Embed & Search Documents

We support two vector databases to store and search embeddings -- FAISS and Elasticsearch. Here's a code snippet showing how to use FAISS to store embeddings and search for text similar to a query. Both database backends are featured in this example notebook.

from langchain.embeddings.openai import OpenAIEmbeddings
from langchain.faiss import FAISS
from langchain.text_splitter import CharacterTextSplitter

with open('state_of_the_union.txt') as f:
    state_of_the_union = f.read()
text_splitter = CharacterTextSplitter(chunk_size=1000, chunk_overlap=0)
texts = text_splitter.split_text(state_of_the_union)

embeddings = OpenAIEmbeddings()

docsearch = FAISS.from_texts(texts, embeddings)

query = "What did the president say about Ketanji Brown Jackson"
docs = docsearch.similarity_search(query)

🤖 Developer Guide

To begin developing on this project, first clone to the repo locally. To install requirements, run pip install -r requirements.txt. This will install all requirements for running the package, examples, linting, formatting, and tests.

Formatting for this project is a combination of Black and isort. To run formatting for this project, run make format.

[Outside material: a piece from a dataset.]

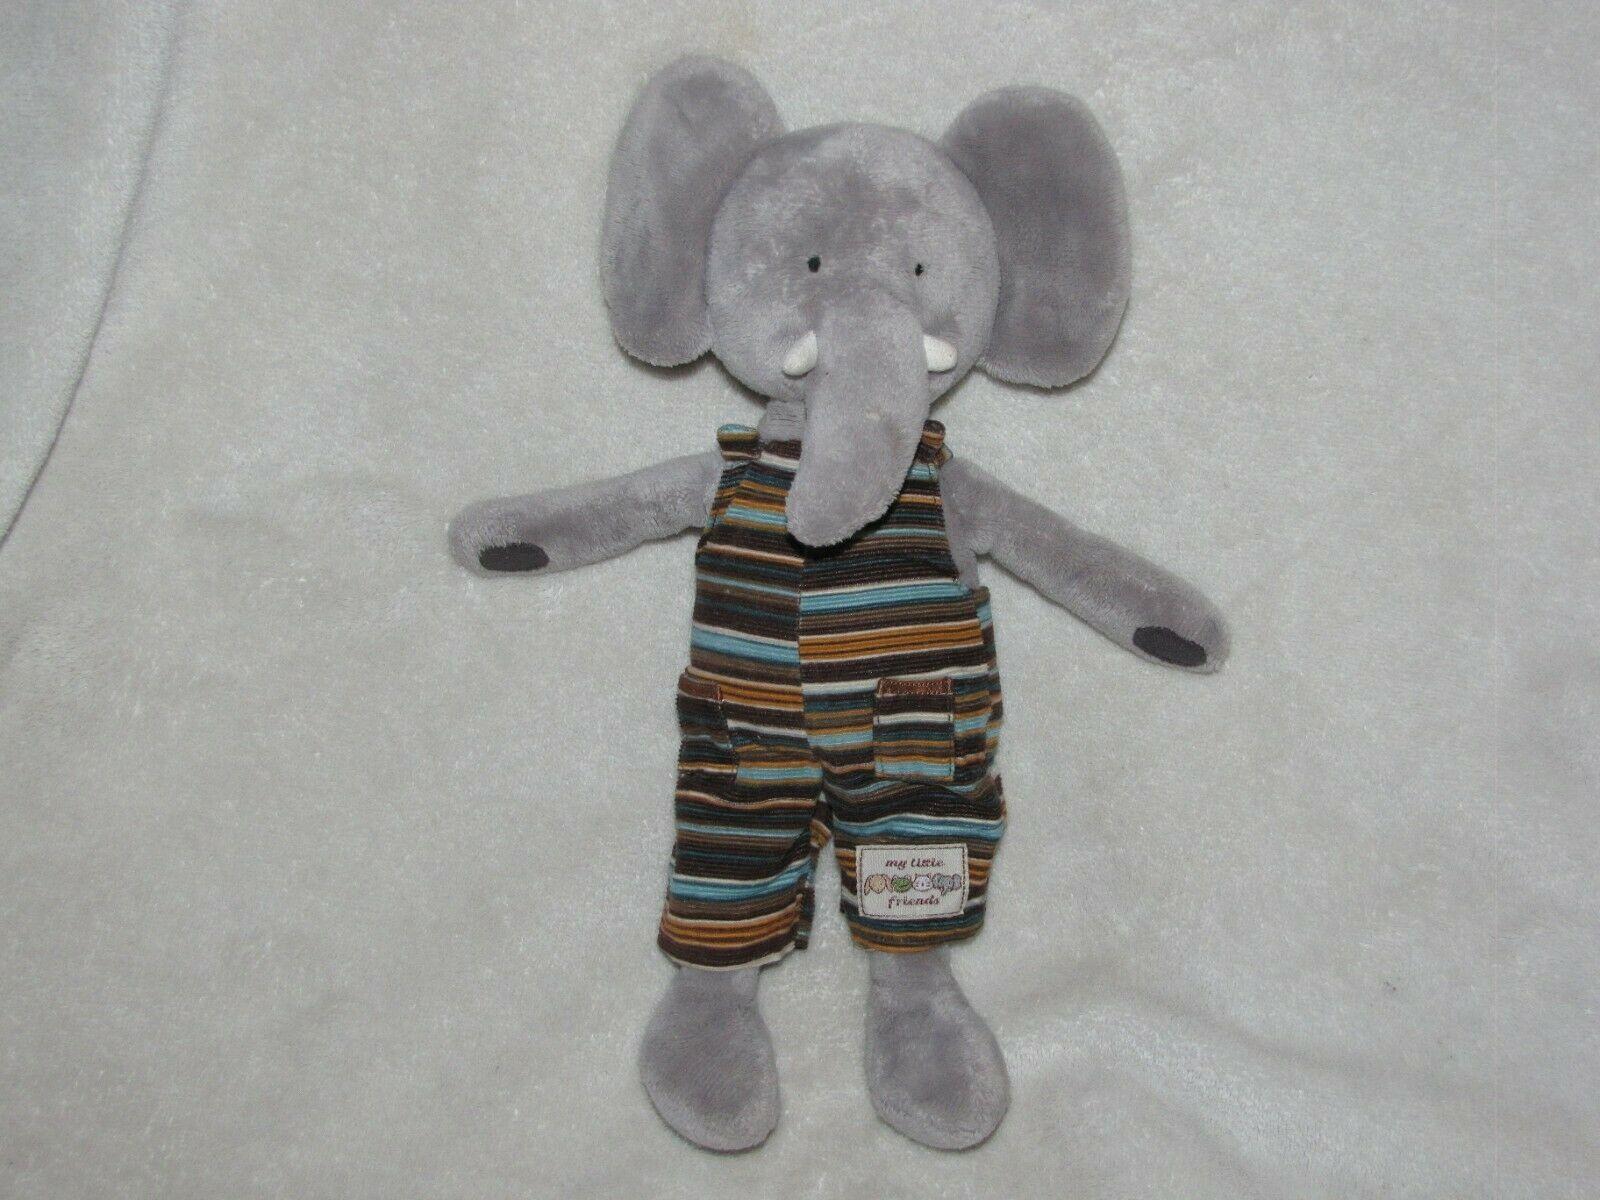 JELLY KITTEN MY LITTLE FRIENDS ELEPHANT SOFT TOY DUNGAREES JELLYCAT GRAY STRIPE - $69.29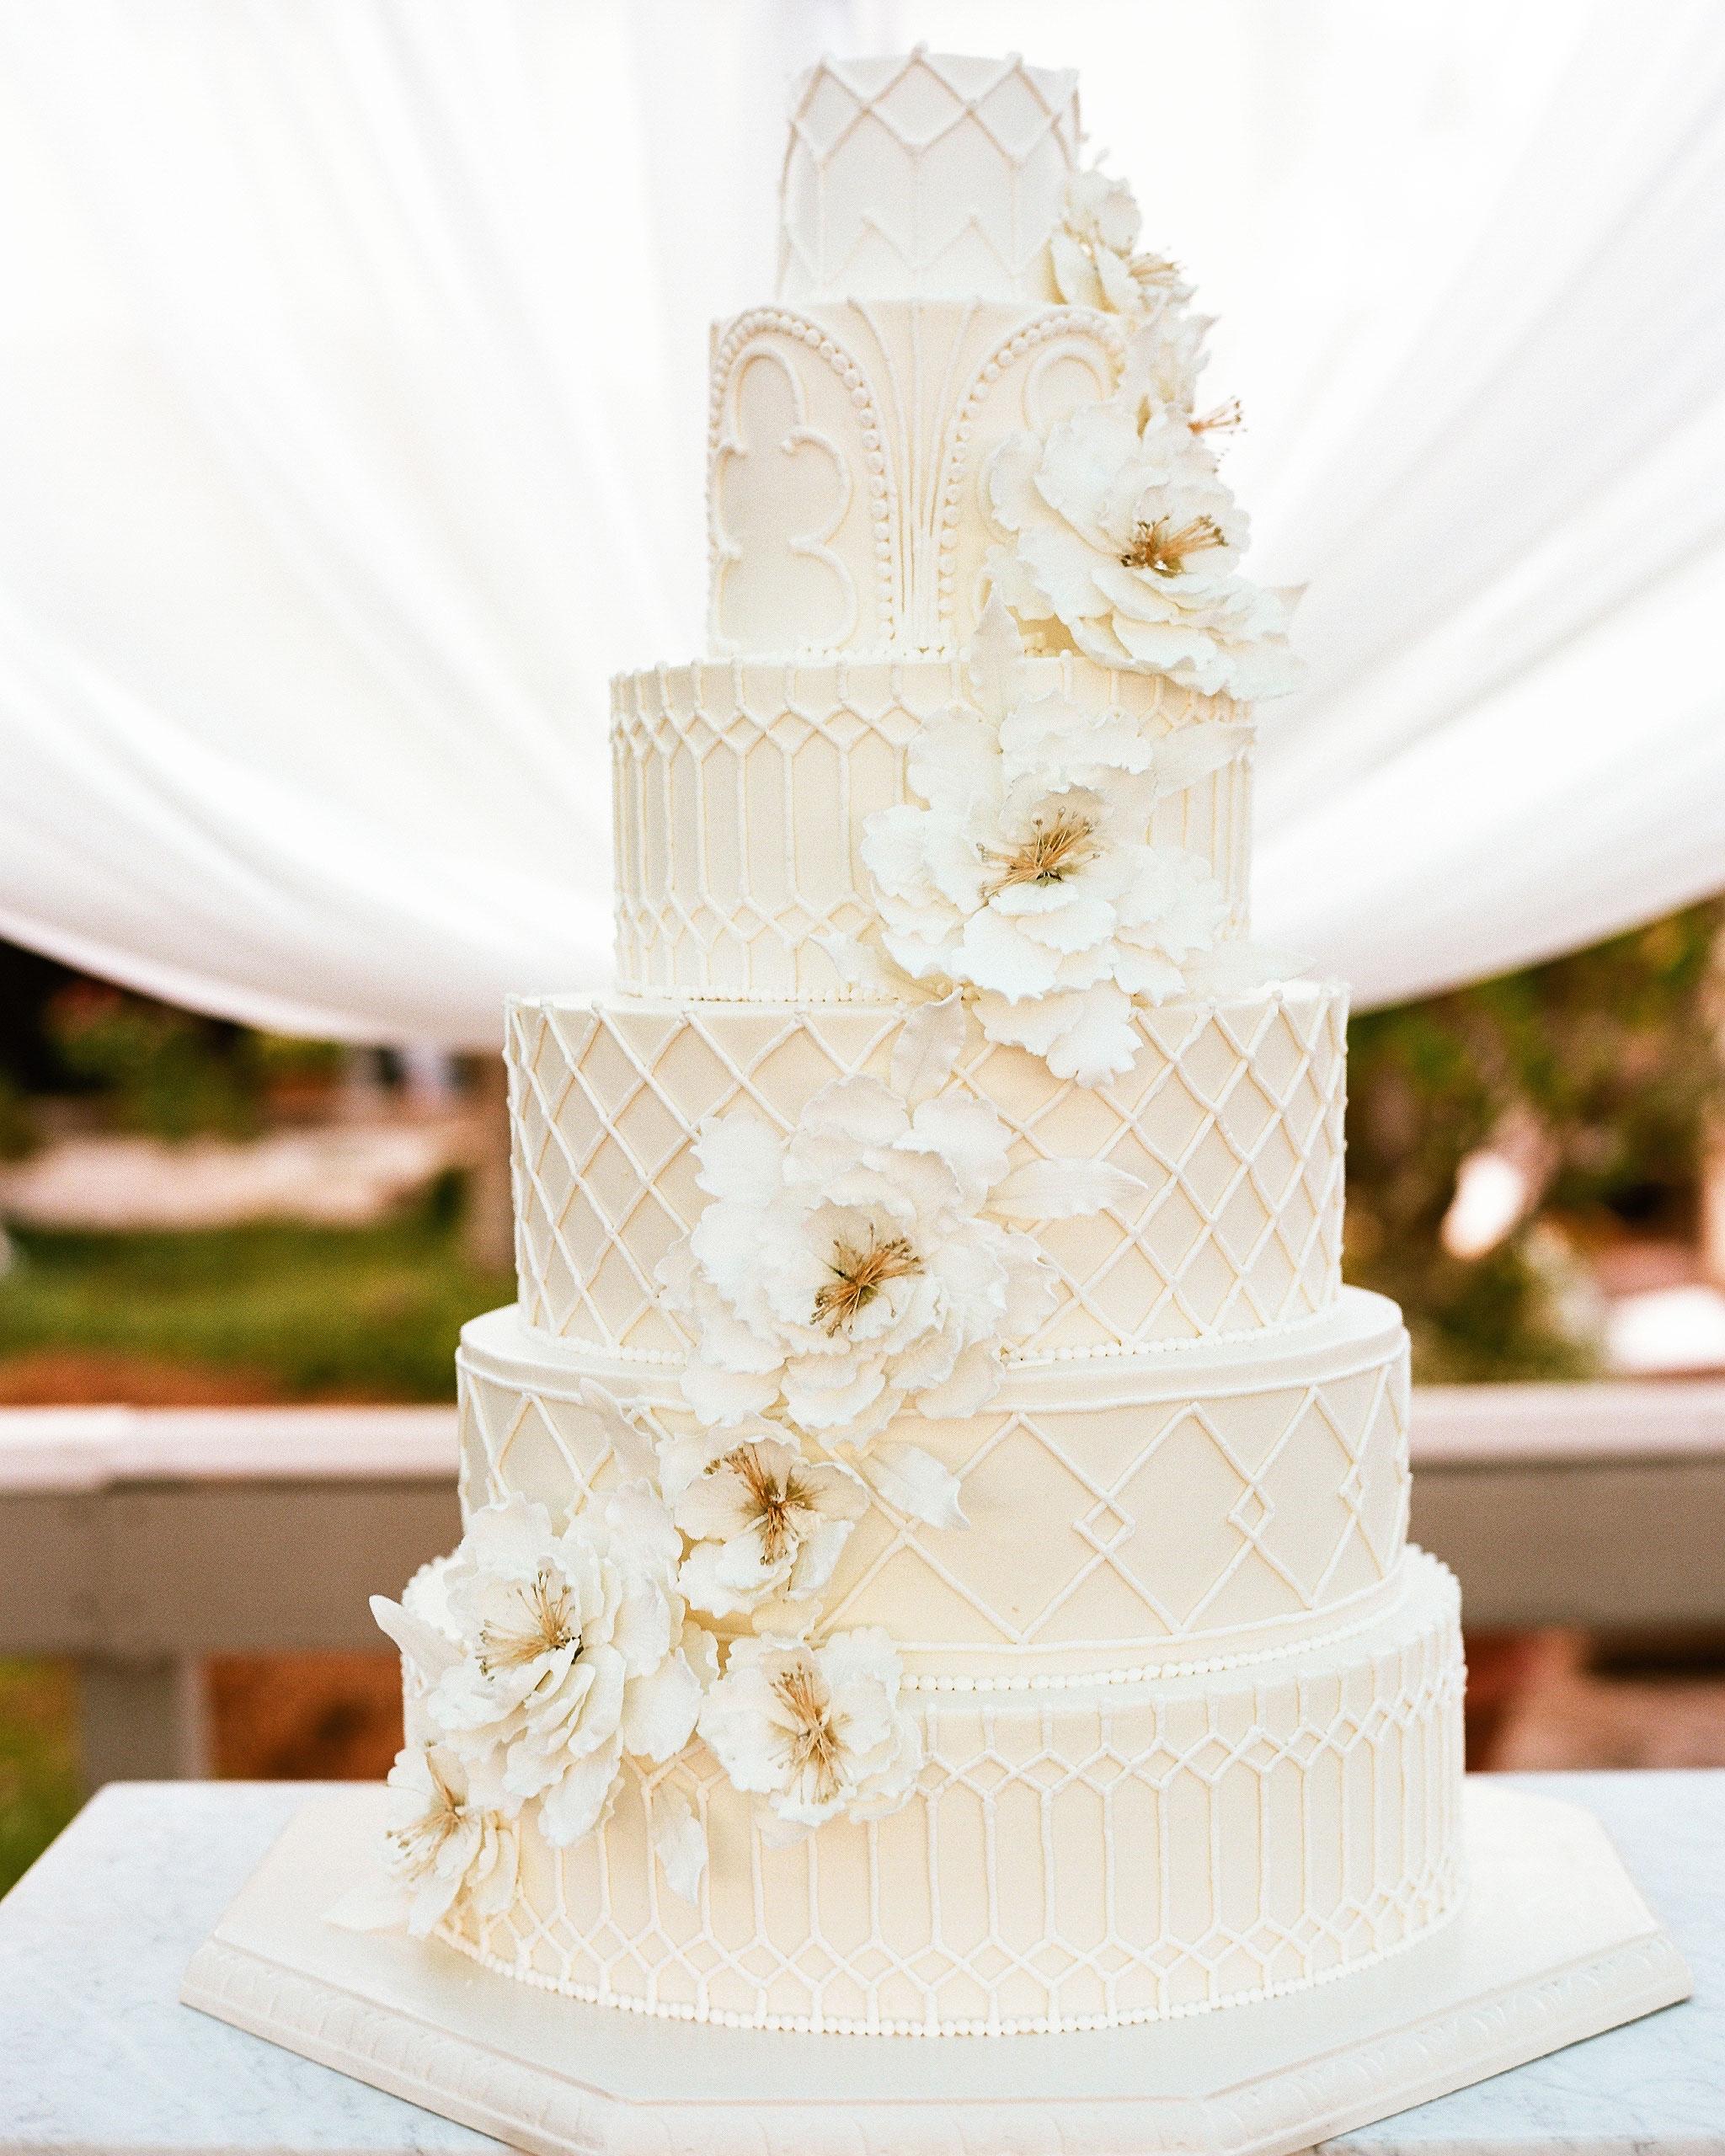 nancy-nathan-wedding-cake-1124-6141569-0816.jpg

Linting for this project is a combination of Black, isort, flake8, and mypy. To run linting for this project, run make lint. We recognize linting can be annoying - if you do not want to do it, please contact a project maintainer and they can help you with it. We do not want this to be a blocker for good code getting contributed.

Unit tests cover modular logic that does not require calls to outside apis. To run unit tests, run make tests. If you add new logic, please add a unit test.

Integration tests cover logic that requires making calls to outside APIs (often integration with other services). To run integration tests, run make integration_tests. If you add support for a new external API, please add a new integration test.

If you are adding a Jupyter notebook example, you can run pip install -e . to build the langchain package from your local changes, so your new logic can be imported into the notebook.

Docs are largely autogenerated by sphinx from the code. For that reason, we ask that you add good documentation to all classes and methods. Similar to linting, we recognize documentation can be annoying - if you do not want to do it, please contact a project maintainer and they can help you with it. We do not want this to be a blocker for good code getting contributed.